WHAT YOU ARE ASKED TO DO: Once the line containing "La secretaria general" is reached, copy it and every line after it exactly, to the end of the material, without pictures.

DATA:
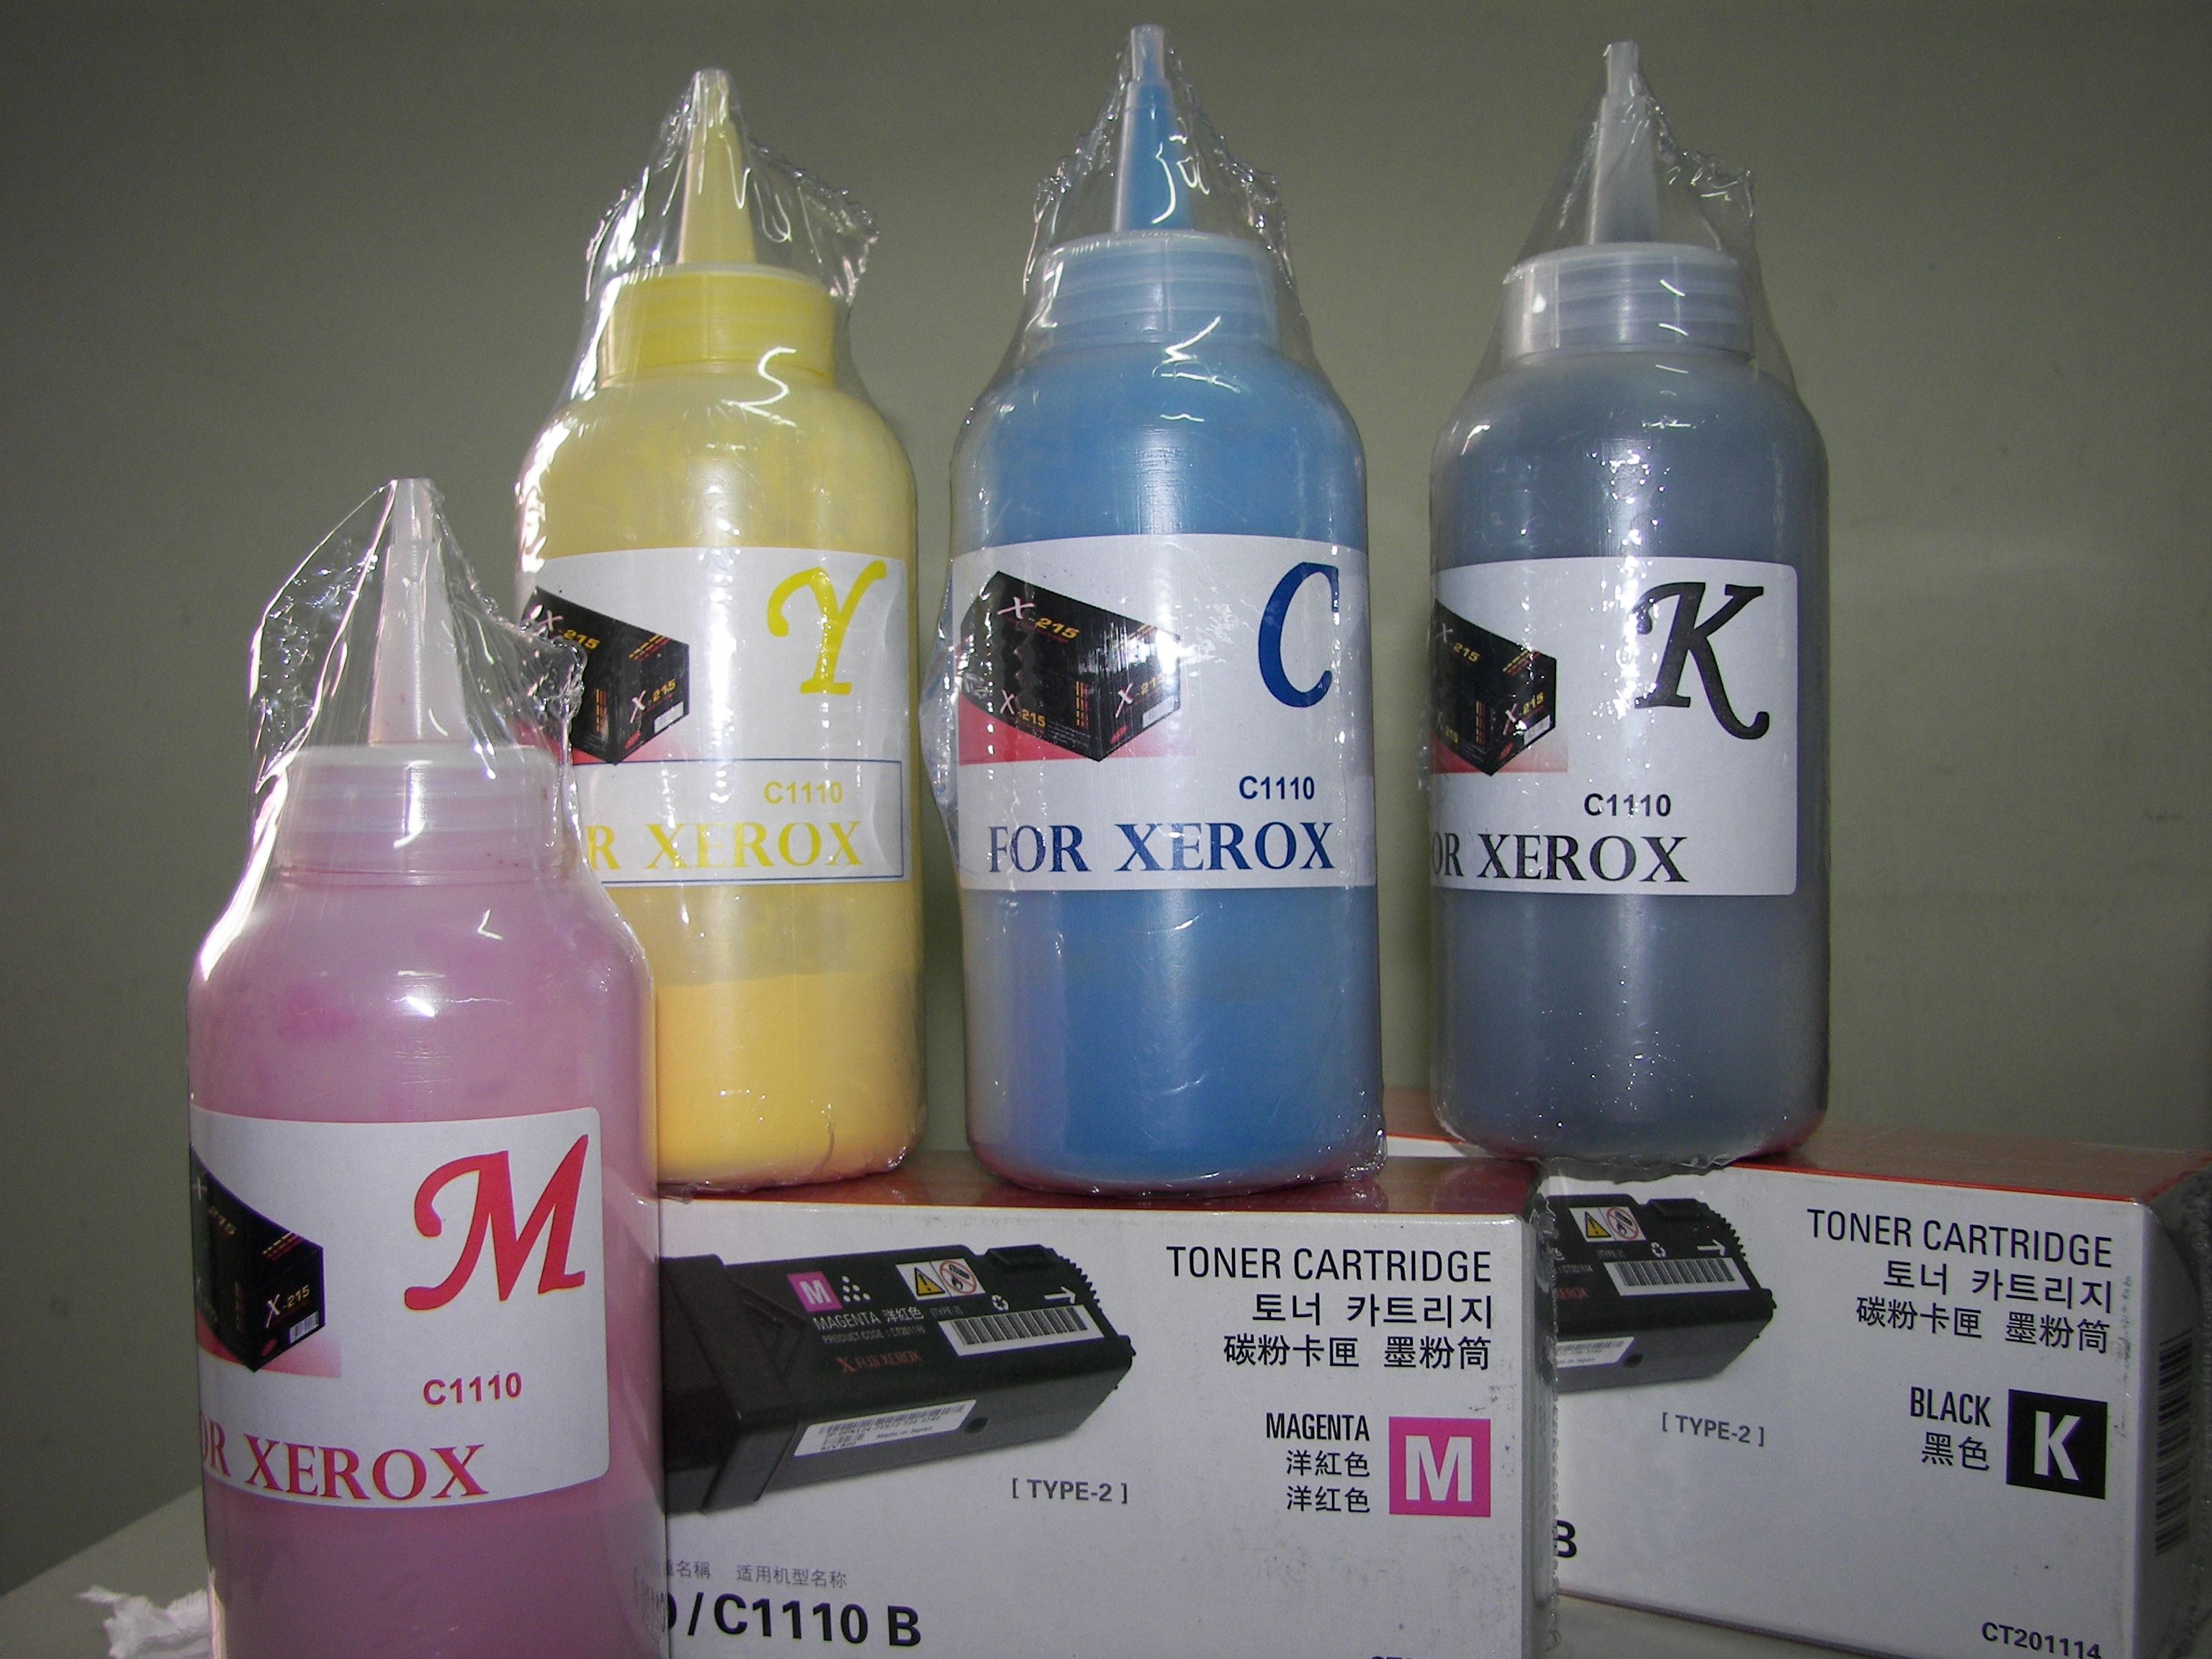 หมึกเติมคุณภาพสำหรับ  XEROX C1110 /C1110B  พร้อมชิพ สี MAGENTA
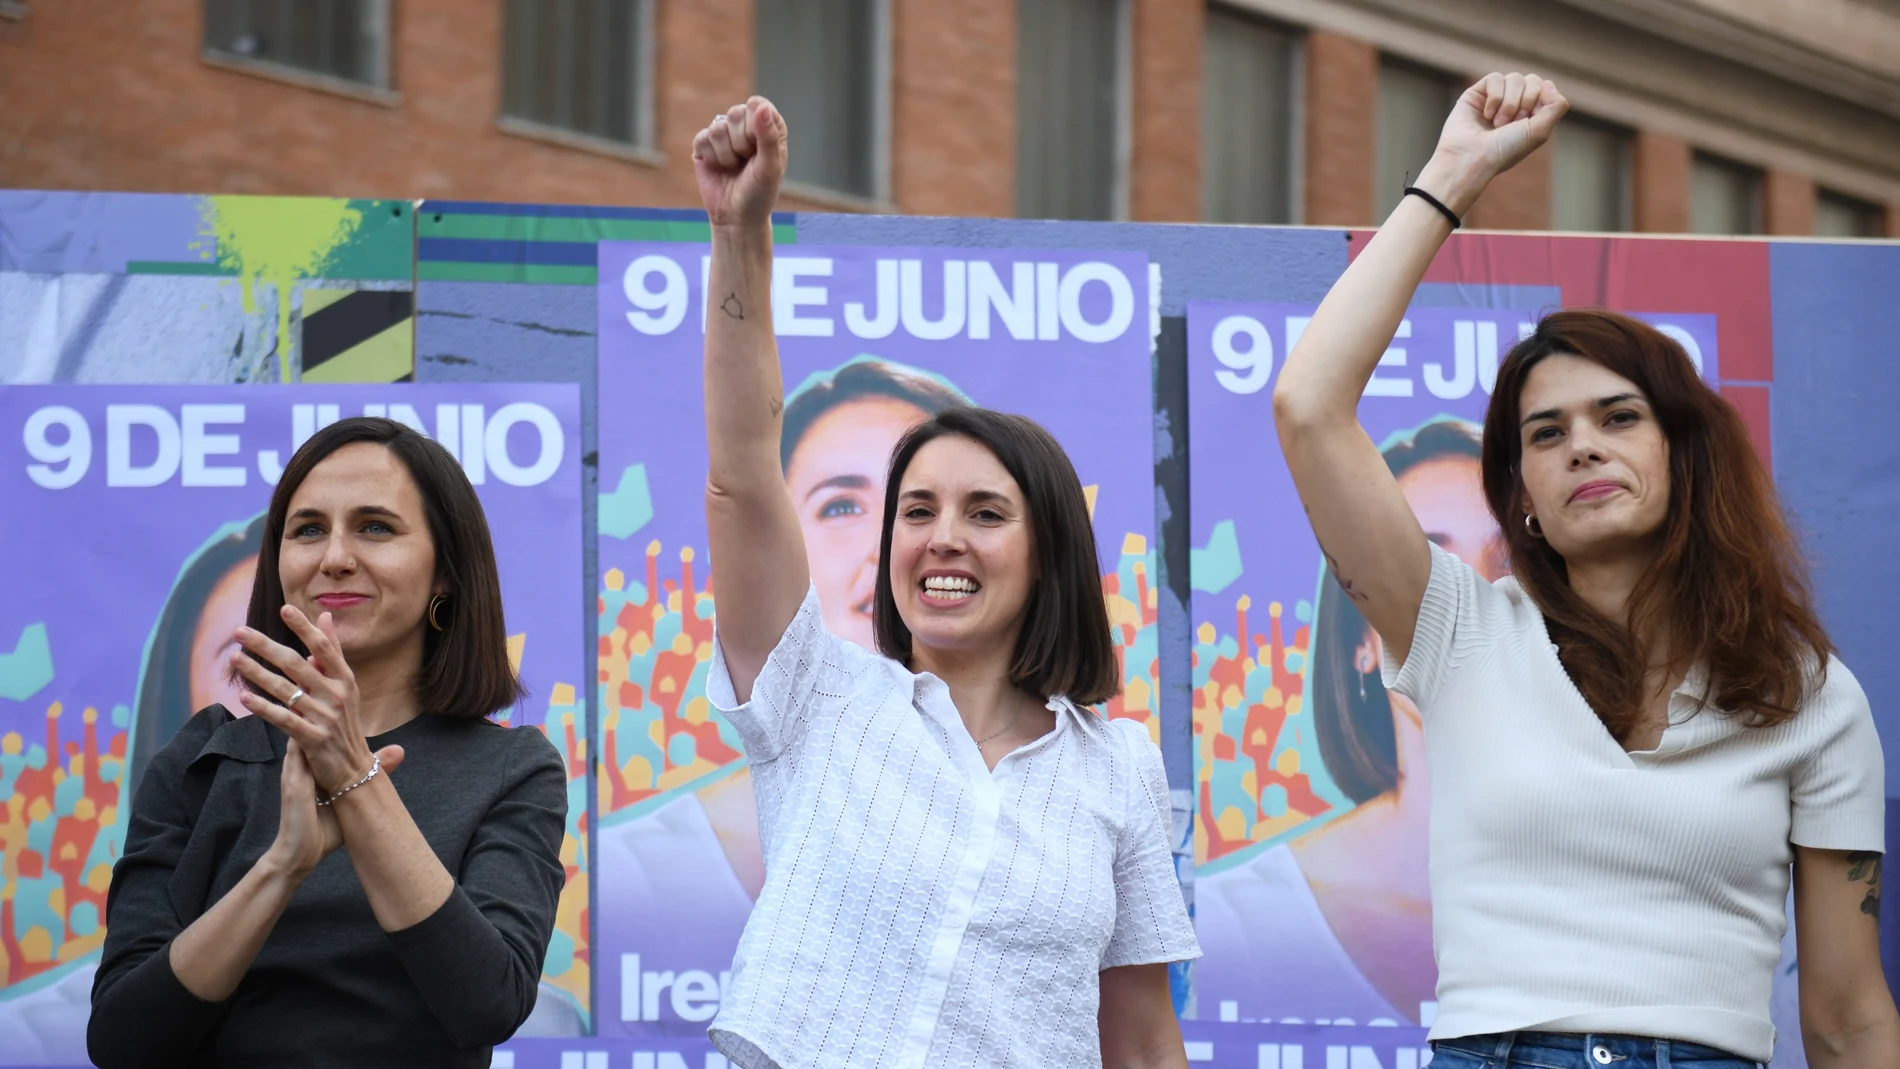 La secretaria general de Podemos, Ione Belarra; la candidata a las elecciones europeas, Irene Montero, y la portavoz, Isa Serra
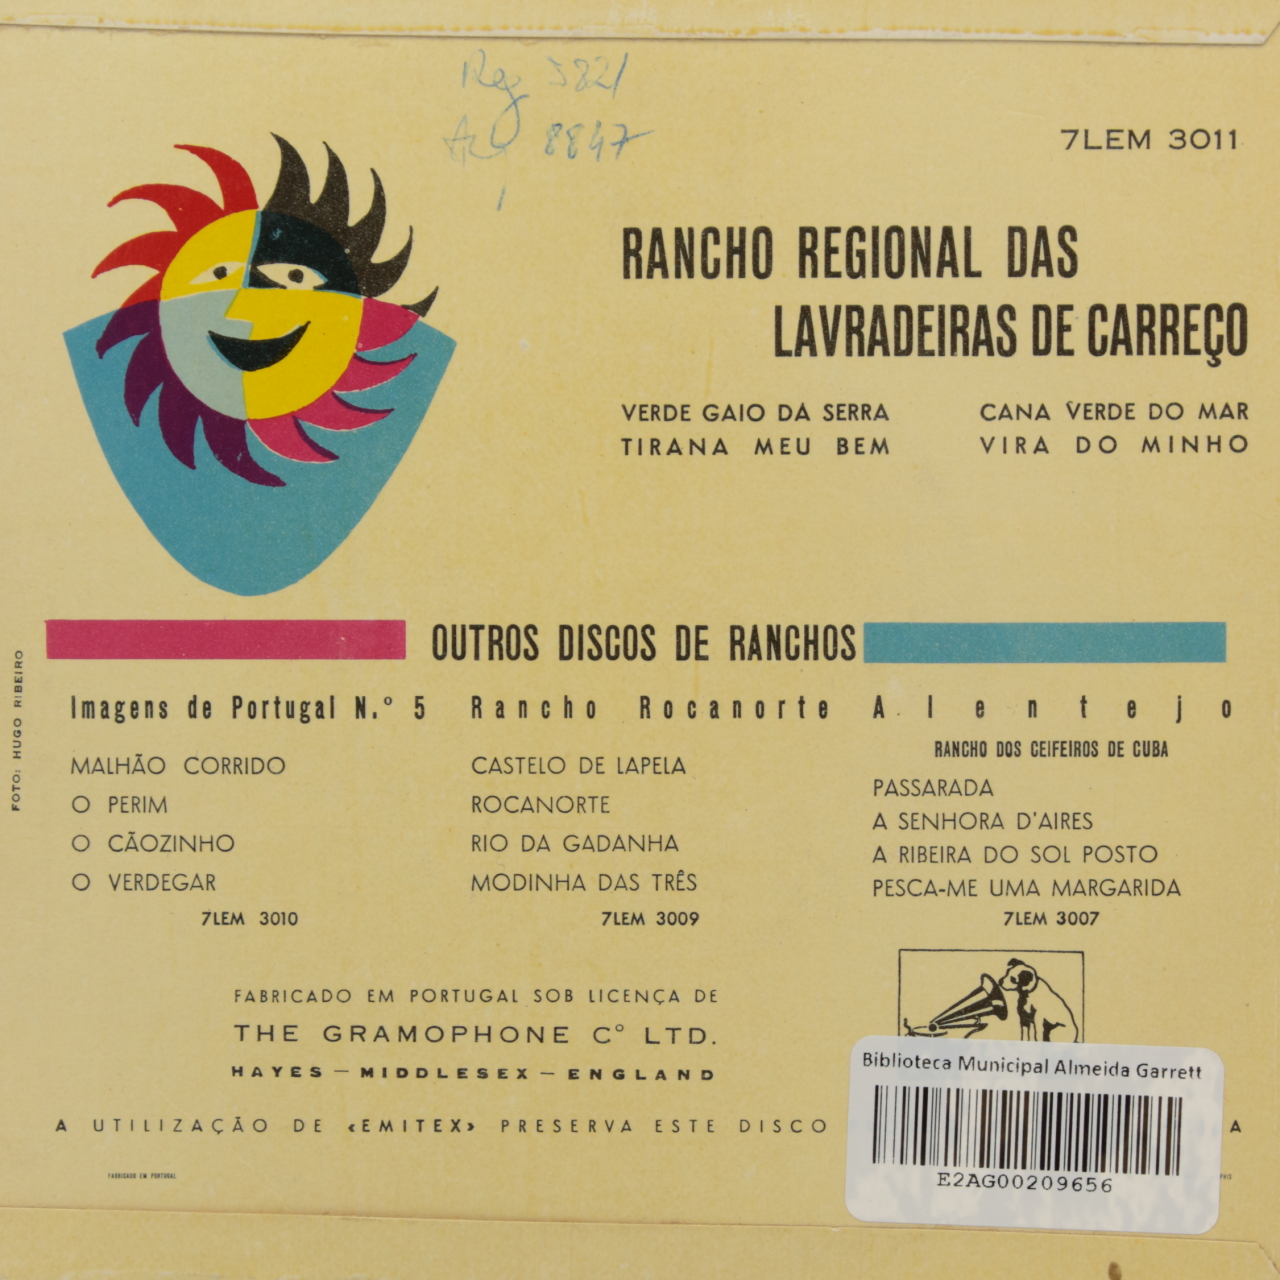 Rancho Regional das Lavradeiras de Carreço
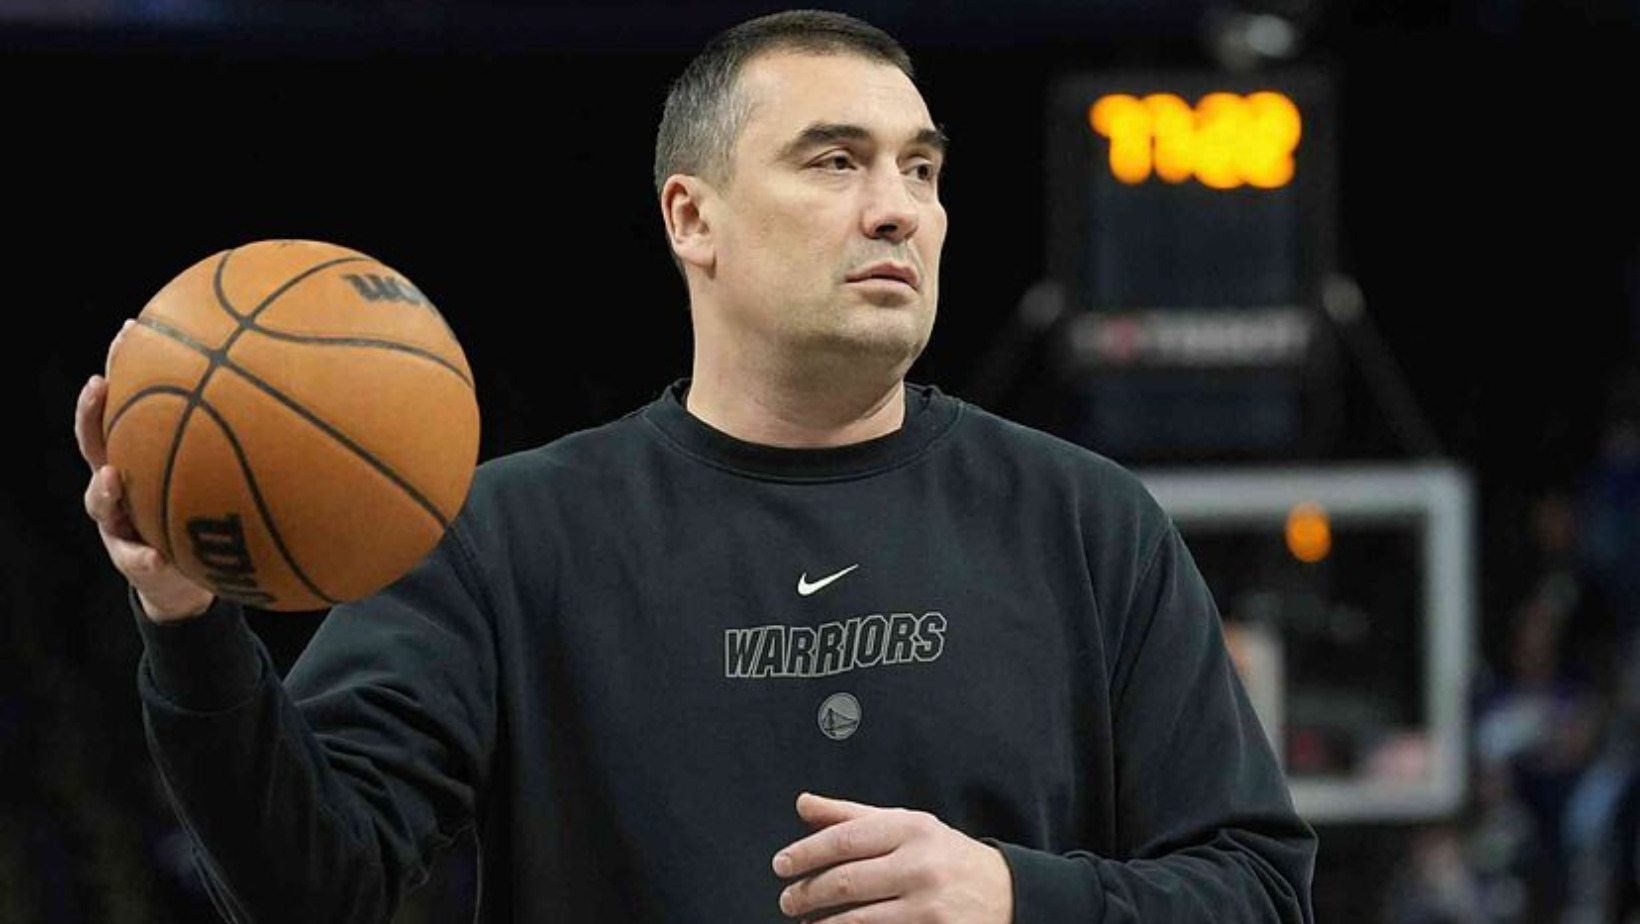 Dejan Milojevic fue un jugador y entrenador de baloncesto serbio. Foto: Fuente externa

ANSWER:
 La secretaria general de Podemos, Ione Belarra; la candidata a las elecciones europeas, Irene Montero, y la portavoz, Isa Serra
 Rancho Regional das Lavradeiras de Carreço
 Dejan Milojevic fue un jugador y entrenador de baloncesto serbio. Foto: Fuente externa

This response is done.